_TASK REQUIREMENTS_
Without the pictures, copy the entries below word for word.

_GIVEN RECORDS_
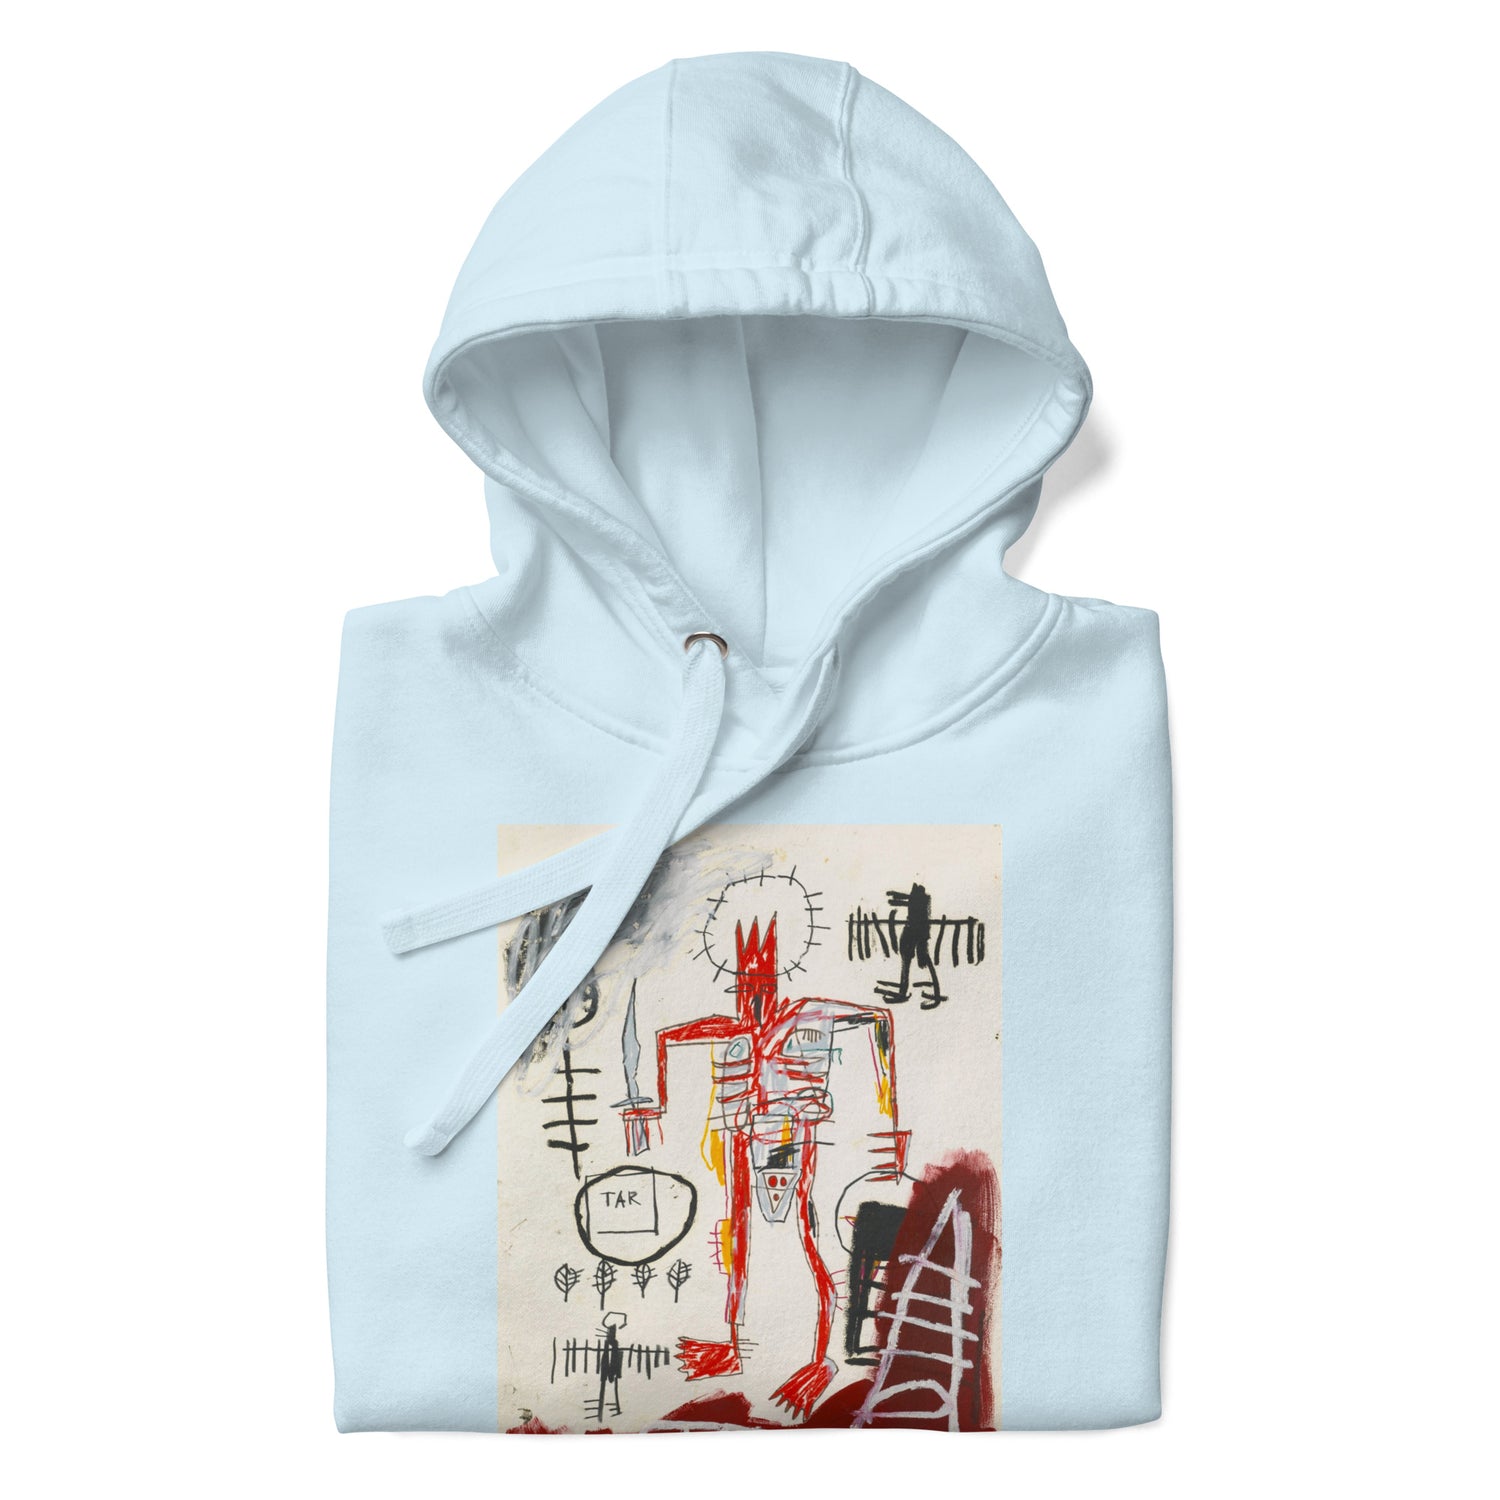 Jean-Michel Basquiat "Untitled" Artwork Printed Premium Streetwear Sweatshirt Hoodie Ice Blue
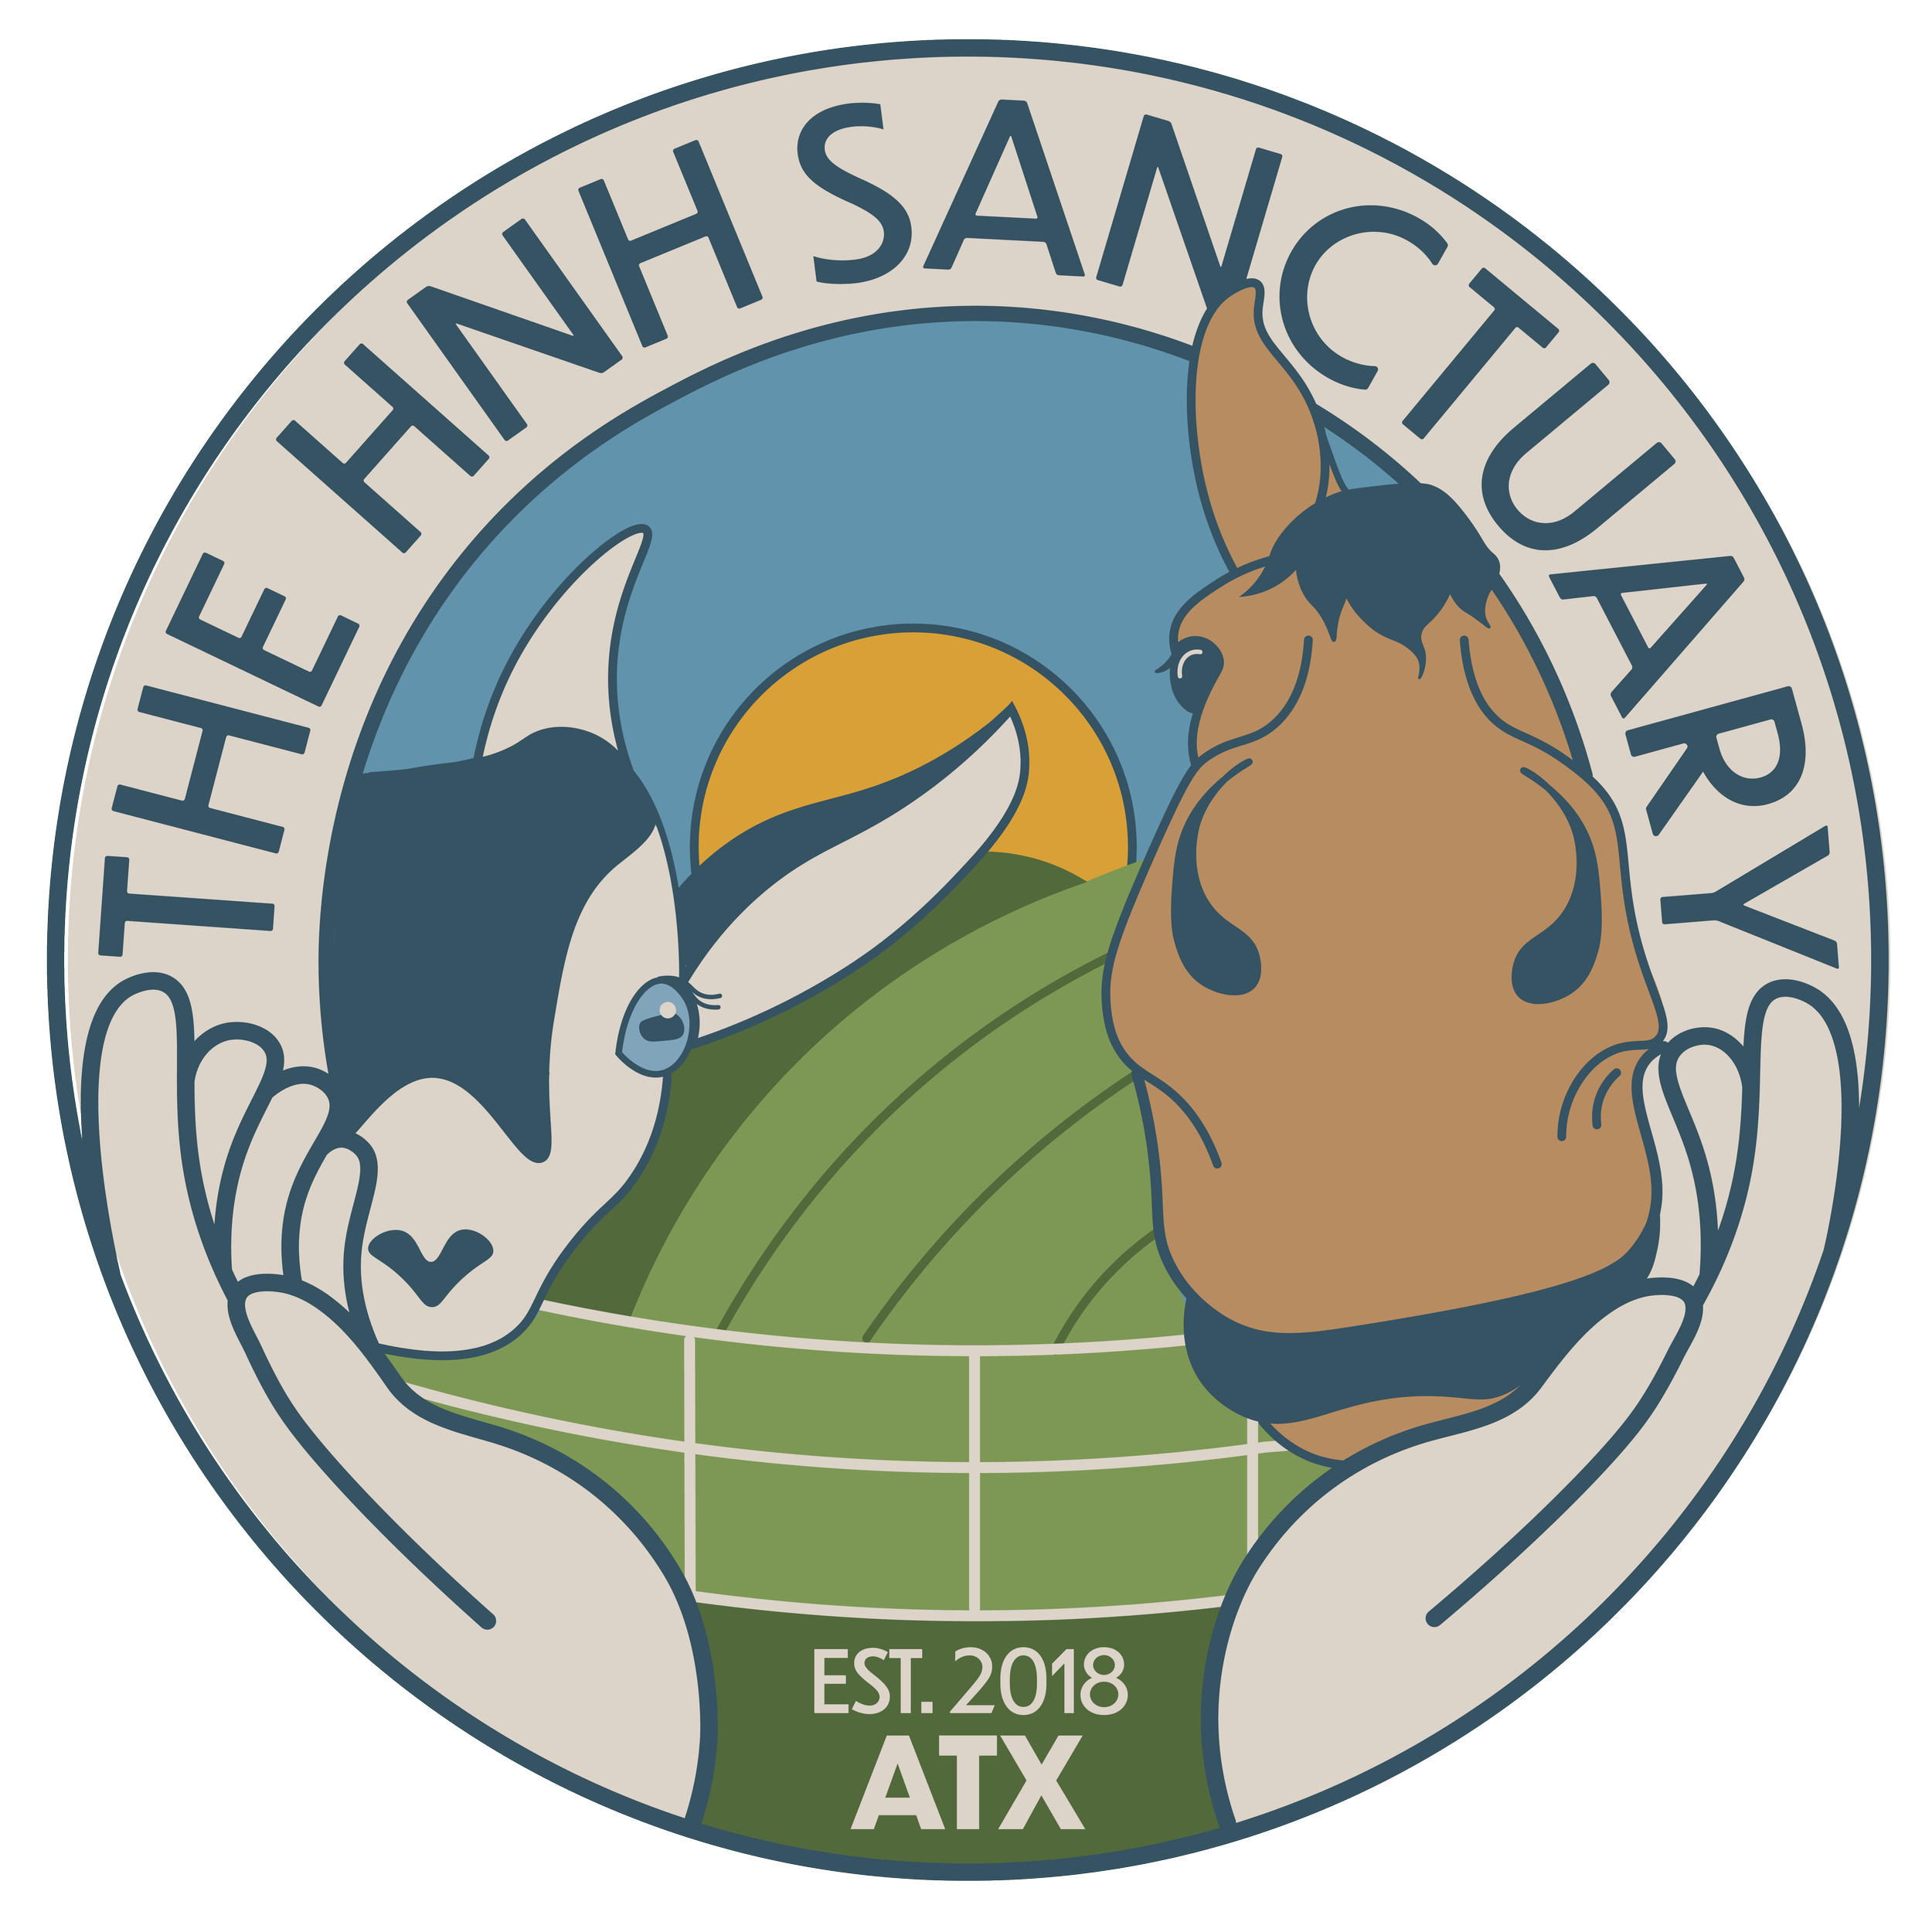 THE HNH SANCTUARY
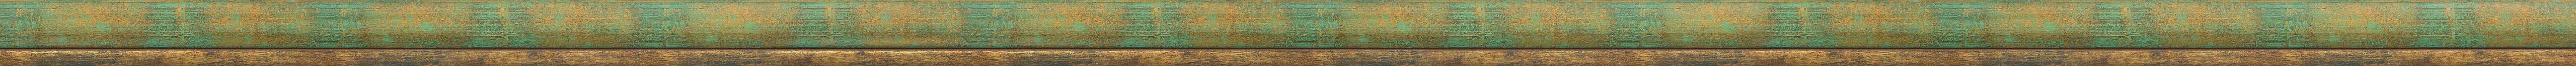 Curved green-gold frame frame
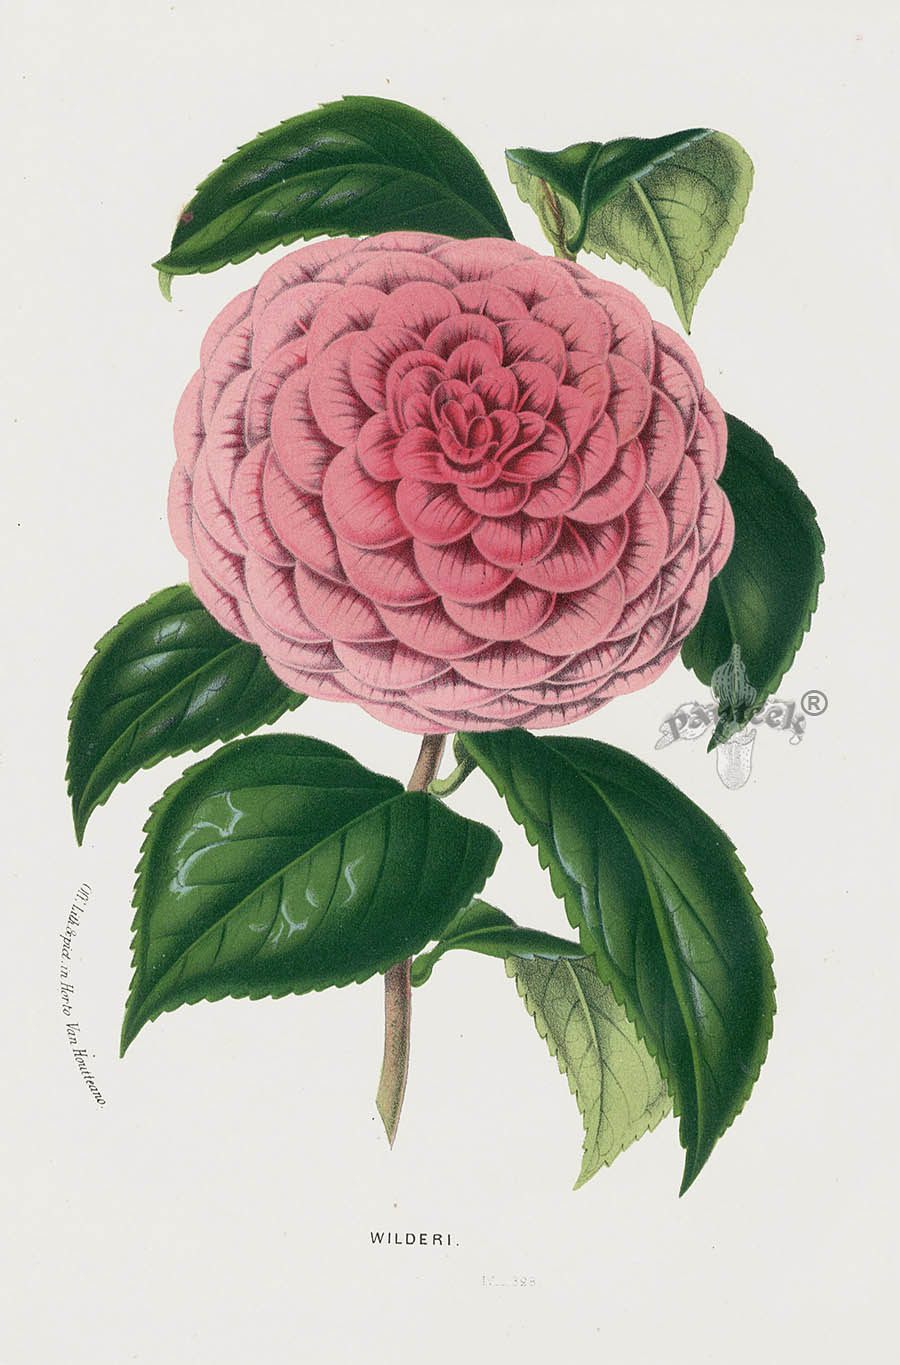 1845 Charles Lemaire Flore des Serres et des Jardin Camellia Prints
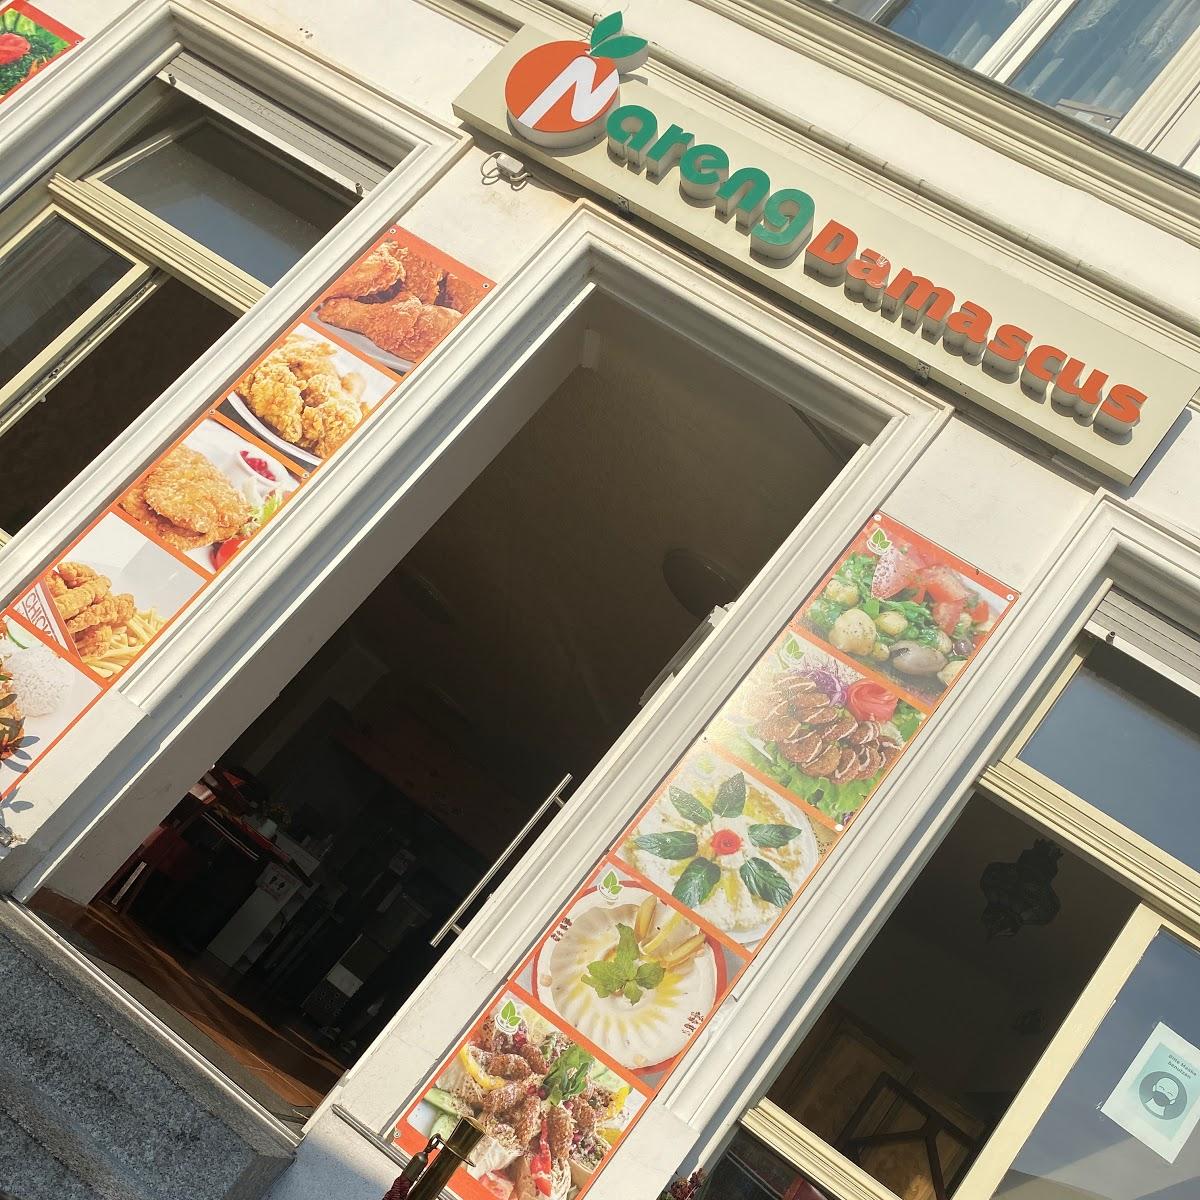 Restaurant "Nareng Damascus" in Stralsund

_ANSWER SPACE_
 Jean-Michel Basquiat "Untitled" Artwork Printed Premium Streetwear Sweatshirt Hoodie Ice Blue
 THE HNH SANCTUARY
 Curved green-gold frame frame
 1845 Charles Lemaire Flore des Serres et des Jardin Camellia Prints
 Restaurant "Nareng Damascus" in Stralsund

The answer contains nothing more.